The water is at least partially provided by a recovery device 30 from the process gas of the fuel cell system 12.

The recovery device 30 has a first water separator 31 which is fluidly connected to an anode-side section of the process gas device 17 downstream of the fuel cell system 12 and is configured to separate water from an anode-side reaction gas. To additionally in order to obtain water from the anode-side reaction gas, a first condenser 34 can be provided upstream of the first water separator 31, which can have a cooling circuit with a coolant supply 341 and a coolant discharge 342.

In the illustrated embodiment, the recovery device 30 has a second water separator 32 which is fluidly connected to a cathode-side section of the process gas device 17 downstream of the fuel cell system 13 and is configured to separate water from a cathode-side reaction gas.

In order to additionally extract water from the cathode-side reaction gas, a second condenser 35 can be provided upstream of the second water separator 32, which can have a cooling circuit with a coolant supply 351 and a coolant discharge 352. The coolant circuits of the condensers 34, 35 can be connected to the fluid cooling device 40 of the fuel cell system 12 or its coolant circuit (not shown).

The separated water from both the water separators 31, 32 and the condensers 34, 35 can be collected in a water reservoir 33 of the recovery device 30.

From there, the water can be fed to the ram air flow 22 by the supply device 50. For this purpose, the supply device 50 has a pump 52 to pump the water. By a pulse valve 53 downstream of the pump 52, a water flow rate at the nozzle device 51 can be regulated or controlled.

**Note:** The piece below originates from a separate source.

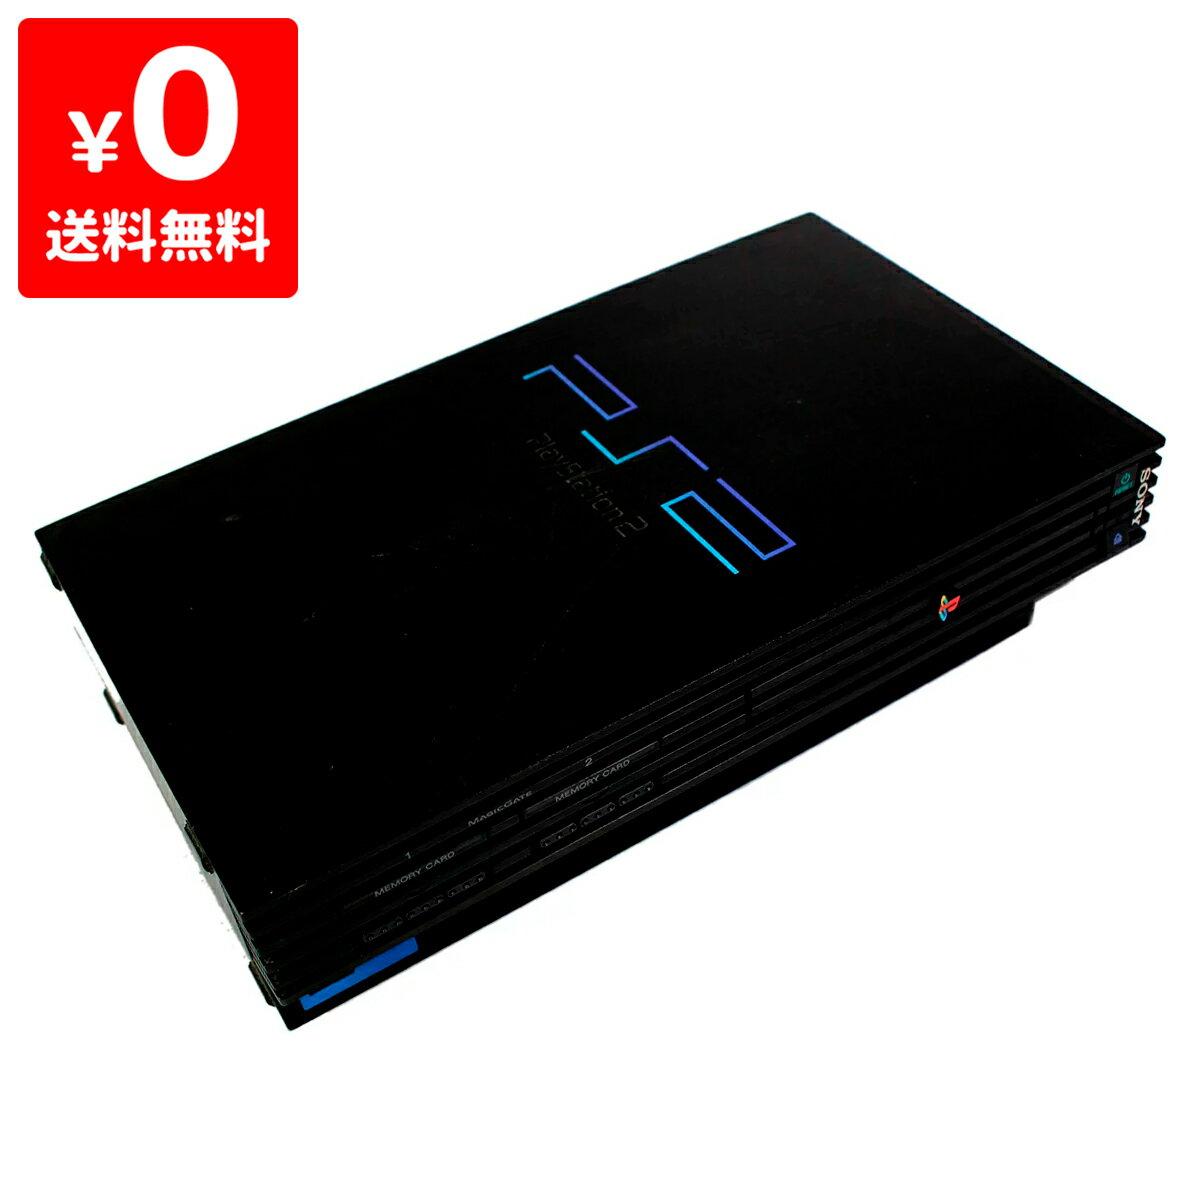 PS2 プレステ2 プレイステーション2 (SCPH-30000) 本体のみ 本体単品 PlayStation2 SONY ソニー 中古 4948872300001 送料無料 【中古】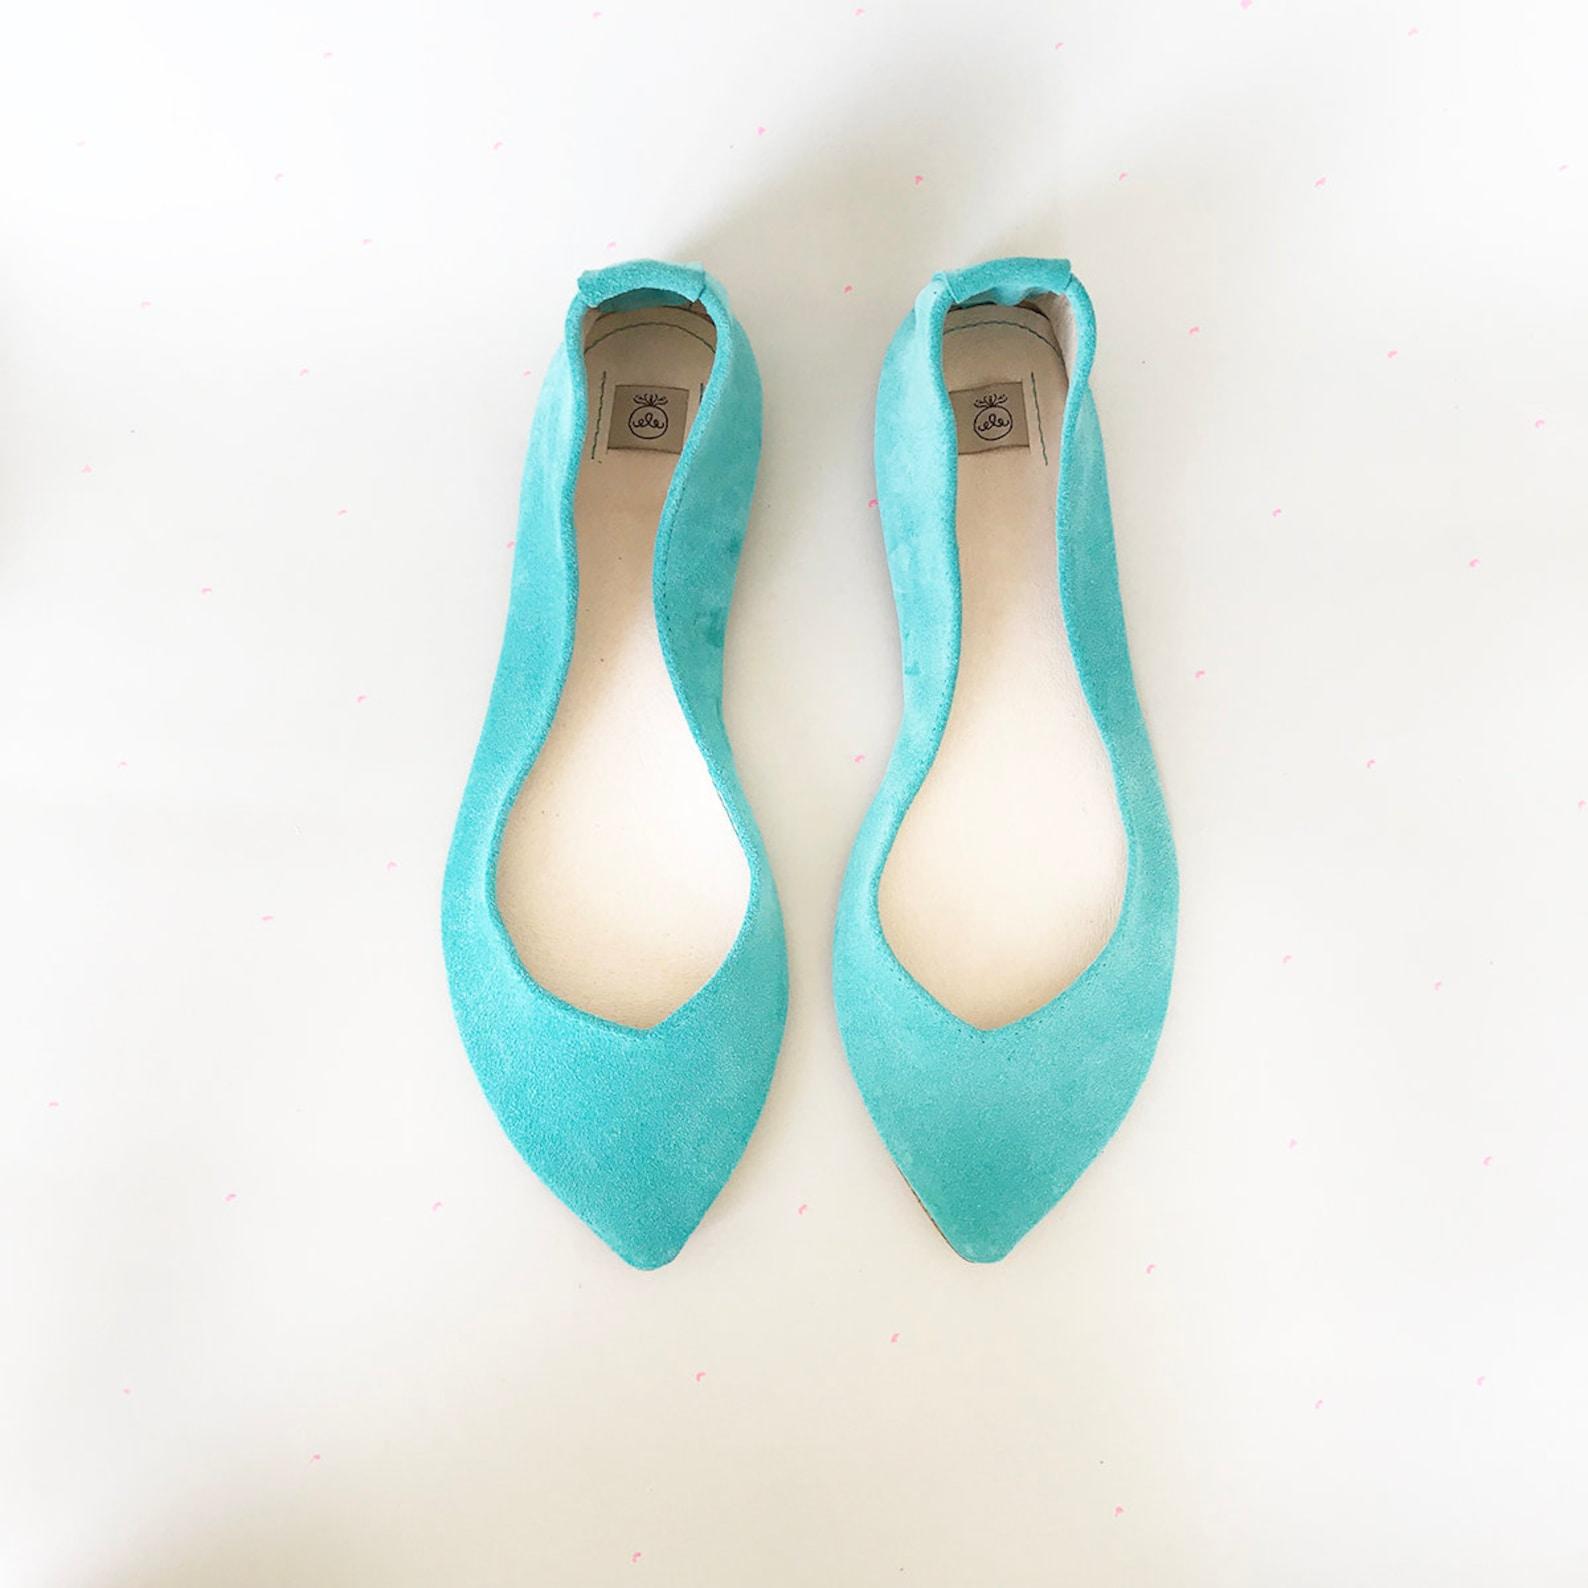 wedding shoes. robin egg bridal flats. low heel shoes. pointy ballet flats. leather ballerinas. bridal flats. bridesmaids gift.

FIG. 2 shows a schematic representation of a flow chart of an exemplary method 100 for operating an aircraft fuel cell propulsion unit 10 described herein with a fuel cell system 12.

The steps of the method 100 can in particular be carried out simultaneously or in a modified order and thus deviate from the sequence shown.

In a step a, the ram air duct 21 is flowed through with ram pressure air 22.

In a step b, the fuel cell system 12 is operated to provide energy for an aircraft engine, and in a step c, water can be recovered from a reaction gas of the fuel cell system 12, in particular by the recovery device 30.

In a step d, water is supplied to the ram air flow 22 by the supply device 50 before it enters the heat exchanger 20. In this case, a volume flow and/or a degree of atomization of the water to be introduced can be controlled and/or regulated depending on parameters of the aircraft fuel cell propulsion unit 10 in order to increase the heat exchange performance of the heat exchanger to be able to adapt to operating conditions, for example of aircraft fuel cell propulsion unit.